◆ **Work task**
Copy out the entries below exactly as they stand, but only from the line containing "Personalised 'Bzzz' Drinking Vessel (Mug)" through the line containing "Maritime Labor and".

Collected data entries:
* * * * *
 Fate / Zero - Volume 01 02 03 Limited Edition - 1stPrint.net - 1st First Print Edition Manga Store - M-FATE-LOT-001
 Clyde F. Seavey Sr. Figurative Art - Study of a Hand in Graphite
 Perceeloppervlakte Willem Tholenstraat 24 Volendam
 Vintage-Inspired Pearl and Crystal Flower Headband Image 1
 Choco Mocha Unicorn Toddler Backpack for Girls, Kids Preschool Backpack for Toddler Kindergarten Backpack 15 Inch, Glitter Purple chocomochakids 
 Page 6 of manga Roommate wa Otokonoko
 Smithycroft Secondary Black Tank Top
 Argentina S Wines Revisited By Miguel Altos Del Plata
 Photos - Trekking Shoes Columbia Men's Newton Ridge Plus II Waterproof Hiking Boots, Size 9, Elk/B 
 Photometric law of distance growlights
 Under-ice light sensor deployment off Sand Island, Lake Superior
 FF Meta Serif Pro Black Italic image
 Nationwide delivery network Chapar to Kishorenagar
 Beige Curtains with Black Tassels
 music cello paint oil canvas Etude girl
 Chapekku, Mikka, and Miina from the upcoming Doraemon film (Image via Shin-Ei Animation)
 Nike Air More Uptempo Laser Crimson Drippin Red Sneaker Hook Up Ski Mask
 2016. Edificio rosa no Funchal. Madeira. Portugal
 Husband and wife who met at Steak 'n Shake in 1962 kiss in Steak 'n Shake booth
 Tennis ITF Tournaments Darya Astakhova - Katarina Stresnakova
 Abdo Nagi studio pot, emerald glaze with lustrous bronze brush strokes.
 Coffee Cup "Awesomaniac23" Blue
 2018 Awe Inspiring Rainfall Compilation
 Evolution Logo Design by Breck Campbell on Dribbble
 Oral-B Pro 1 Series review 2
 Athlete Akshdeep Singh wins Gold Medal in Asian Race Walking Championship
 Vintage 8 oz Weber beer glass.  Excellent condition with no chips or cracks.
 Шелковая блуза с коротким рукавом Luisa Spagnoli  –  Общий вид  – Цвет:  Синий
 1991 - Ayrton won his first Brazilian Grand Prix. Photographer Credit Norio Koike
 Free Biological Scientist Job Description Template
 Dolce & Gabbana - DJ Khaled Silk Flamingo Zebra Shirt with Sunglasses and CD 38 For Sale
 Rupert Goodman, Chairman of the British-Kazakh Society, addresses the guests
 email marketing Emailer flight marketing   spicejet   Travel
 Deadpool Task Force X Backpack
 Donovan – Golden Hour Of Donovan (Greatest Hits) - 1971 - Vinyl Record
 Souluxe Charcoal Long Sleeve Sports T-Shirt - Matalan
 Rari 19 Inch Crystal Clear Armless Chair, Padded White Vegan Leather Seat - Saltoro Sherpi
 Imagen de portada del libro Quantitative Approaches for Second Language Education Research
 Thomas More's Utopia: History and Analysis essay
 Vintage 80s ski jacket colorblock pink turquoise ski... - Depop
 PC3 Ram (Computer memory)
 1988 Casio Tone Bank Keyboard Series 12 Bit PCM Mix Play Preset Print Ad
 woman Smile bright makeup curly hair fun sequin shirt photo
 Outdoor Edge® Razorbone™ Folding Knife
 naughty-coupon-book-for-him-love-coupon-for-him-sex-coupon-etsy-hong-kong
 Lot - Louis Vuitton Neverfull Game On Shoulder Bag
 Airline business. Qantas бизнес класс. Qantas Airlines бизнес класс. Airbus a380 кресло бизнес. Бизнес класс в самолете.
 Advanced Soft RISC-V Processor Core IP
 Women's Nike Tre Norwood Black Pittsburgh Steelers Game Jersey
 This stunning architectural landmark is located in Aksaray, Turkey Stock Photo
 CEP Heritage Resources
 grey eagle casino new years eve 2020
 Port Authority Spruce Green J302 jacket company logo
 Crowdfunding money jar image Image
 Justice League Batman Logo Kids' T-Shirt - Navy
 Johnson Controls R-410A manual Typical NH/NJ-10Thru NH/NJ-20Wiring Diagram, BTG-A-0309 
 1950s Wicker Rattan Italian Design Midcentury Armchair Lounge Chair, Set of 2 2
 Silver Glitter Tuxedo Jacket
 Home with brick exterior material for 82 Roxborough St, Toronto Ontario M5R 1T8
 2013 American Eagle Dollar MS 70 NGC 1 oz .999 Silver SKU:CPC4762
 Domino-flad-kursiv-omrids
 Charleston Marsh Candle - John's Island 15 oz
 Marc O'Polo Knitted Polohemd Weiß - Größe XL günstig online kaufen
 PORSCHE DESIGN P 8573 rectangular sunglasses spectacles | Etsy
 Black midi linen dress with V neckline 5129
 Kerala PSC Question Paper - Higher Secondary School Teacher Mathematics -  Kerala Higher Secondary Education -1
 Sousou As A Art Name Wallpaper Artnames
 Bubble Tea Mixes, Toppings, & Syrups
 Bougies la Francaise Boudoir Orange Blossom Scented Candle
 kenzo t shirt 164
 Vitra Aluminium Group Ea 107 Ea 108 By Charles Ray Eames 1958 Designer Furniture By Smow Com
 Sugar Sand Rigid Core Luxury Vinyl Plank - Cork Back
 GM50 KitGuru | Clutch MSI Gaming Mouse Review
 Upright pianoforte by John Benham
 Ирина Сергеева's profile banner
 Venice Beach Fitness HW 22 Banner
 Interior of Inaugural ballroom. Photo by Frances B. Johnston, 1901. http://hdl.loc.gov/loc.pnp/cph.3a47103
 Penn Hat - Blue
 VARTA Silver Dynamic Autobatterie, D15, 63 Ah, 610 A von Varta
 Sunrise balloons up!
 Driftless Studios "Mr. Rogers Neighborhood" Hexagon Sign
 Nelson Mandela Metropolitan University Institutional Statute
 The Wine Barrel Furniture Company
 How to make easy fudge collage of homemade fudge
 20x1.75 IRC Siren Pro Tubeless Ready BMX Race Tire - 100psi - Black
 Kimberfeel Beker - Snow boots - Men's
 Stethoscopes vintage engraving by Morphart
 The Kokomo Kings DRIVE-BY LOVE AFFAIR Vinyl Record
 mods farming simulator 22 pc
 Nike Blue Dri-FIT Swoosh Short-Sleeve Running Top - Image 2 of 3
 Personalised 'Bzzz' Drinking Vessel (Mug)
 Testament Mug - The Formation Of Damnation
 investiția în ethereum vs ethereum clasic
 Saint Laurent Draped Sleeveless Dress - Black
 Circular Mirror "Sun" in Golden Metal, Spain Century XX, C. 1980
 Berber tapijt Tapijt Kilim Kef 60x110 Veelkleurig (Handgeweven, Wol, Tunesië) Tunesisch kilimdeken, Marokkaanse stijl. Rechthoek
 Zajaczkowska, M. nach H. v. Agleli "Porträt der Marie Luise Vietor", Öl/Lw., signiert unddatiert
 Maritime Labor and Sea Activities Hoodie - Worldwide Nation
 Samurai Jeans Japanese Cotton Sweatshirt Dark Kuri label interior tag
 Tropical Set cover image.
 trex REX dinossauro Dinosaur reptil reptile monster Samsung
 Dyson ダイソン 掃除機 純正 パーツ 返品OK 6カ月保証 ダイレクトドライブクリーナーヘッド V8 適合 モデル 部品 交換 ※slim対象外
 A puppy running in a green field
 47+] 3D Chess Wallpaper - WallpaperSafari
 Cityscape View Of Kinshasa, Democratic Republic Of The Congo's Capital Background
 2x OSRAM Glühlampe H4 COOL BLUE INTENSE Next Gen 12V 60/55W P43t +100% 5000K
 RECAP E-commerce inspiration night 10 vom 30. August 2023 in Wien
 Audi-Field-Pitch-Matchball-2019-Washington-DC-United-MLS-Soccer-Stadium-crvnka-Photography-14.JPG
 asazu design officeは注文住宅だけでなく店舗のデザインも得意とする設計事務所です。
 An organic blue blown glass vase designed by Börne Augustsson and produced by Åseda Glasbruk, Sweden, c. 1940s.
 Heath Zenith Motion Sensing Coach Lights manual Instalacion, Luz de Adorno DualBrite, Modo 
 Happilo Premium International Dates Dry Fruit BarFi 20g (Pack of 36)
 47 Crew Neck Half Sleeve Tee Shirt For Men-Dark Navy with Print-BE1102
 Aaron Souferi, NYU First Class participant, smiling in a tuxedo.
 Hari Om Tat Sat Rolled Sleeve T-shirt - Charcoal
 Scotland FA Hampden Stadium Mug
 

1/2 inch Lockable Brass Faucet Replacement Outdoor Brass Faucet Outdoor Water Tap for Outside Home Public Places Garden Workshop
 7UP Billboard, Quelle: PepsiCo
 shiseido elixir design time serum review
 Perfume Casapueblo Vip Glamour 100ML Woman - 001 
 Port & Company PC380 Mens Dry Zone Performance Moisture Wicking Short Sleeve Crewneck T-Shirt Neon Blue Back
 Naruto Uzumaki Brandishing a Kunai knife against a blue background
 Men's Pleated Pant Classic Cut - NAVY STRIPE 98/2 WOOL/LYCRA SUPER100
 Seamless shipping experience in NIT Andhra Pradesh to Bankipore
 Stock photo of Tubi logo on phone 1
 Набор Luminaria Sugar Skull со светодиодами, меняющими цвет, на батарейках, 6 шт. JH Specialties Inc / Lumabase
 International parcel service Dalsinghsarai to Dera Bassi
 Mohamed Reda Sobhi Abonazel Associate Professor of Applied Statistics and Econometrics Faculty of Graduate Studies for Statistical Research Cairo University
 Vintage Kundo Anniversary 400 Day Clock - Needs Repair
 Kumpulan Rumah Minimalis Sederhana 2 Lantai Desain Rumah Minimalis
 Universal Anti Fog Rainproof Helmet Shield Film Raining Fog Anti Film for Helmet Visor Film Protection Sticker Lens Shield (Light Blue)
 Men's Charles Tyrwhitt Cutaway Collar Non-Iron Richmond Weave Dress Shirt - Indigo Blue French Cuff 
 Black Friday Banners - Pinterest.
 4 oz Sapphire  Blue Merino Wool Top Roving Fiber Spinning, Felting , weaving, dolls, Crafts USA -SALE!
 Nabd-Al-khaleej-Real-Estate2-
* * * * *
◆ **Solution**
 Personalised 'Bzzz' Drinking Vessel (Mug)
 Testament Mug - The Formation Of Damnation
 investiția în ethereum vs ethereum clasic
 Saint Laurent Draped Sleeveless Dress - Black
 Circular Mirror "Sun" in Golden Metal, Spain Century XX, C. 1980
 Berber tapijt Tapijt Kilim Kef 60x110 Veelkleurig (Handgeweven, Wol, Tunesië) Tunesisch kilimdeken, Marokkaanse stijl. Rechthoek
 Zajaczkowska, M. nach H. v. Agleli "Porträt der Marie Luise Vietor", Öl/Lw., signiert unddatiert
 Maritime Labor and Sea Activities Hoodie - Worldwide Nation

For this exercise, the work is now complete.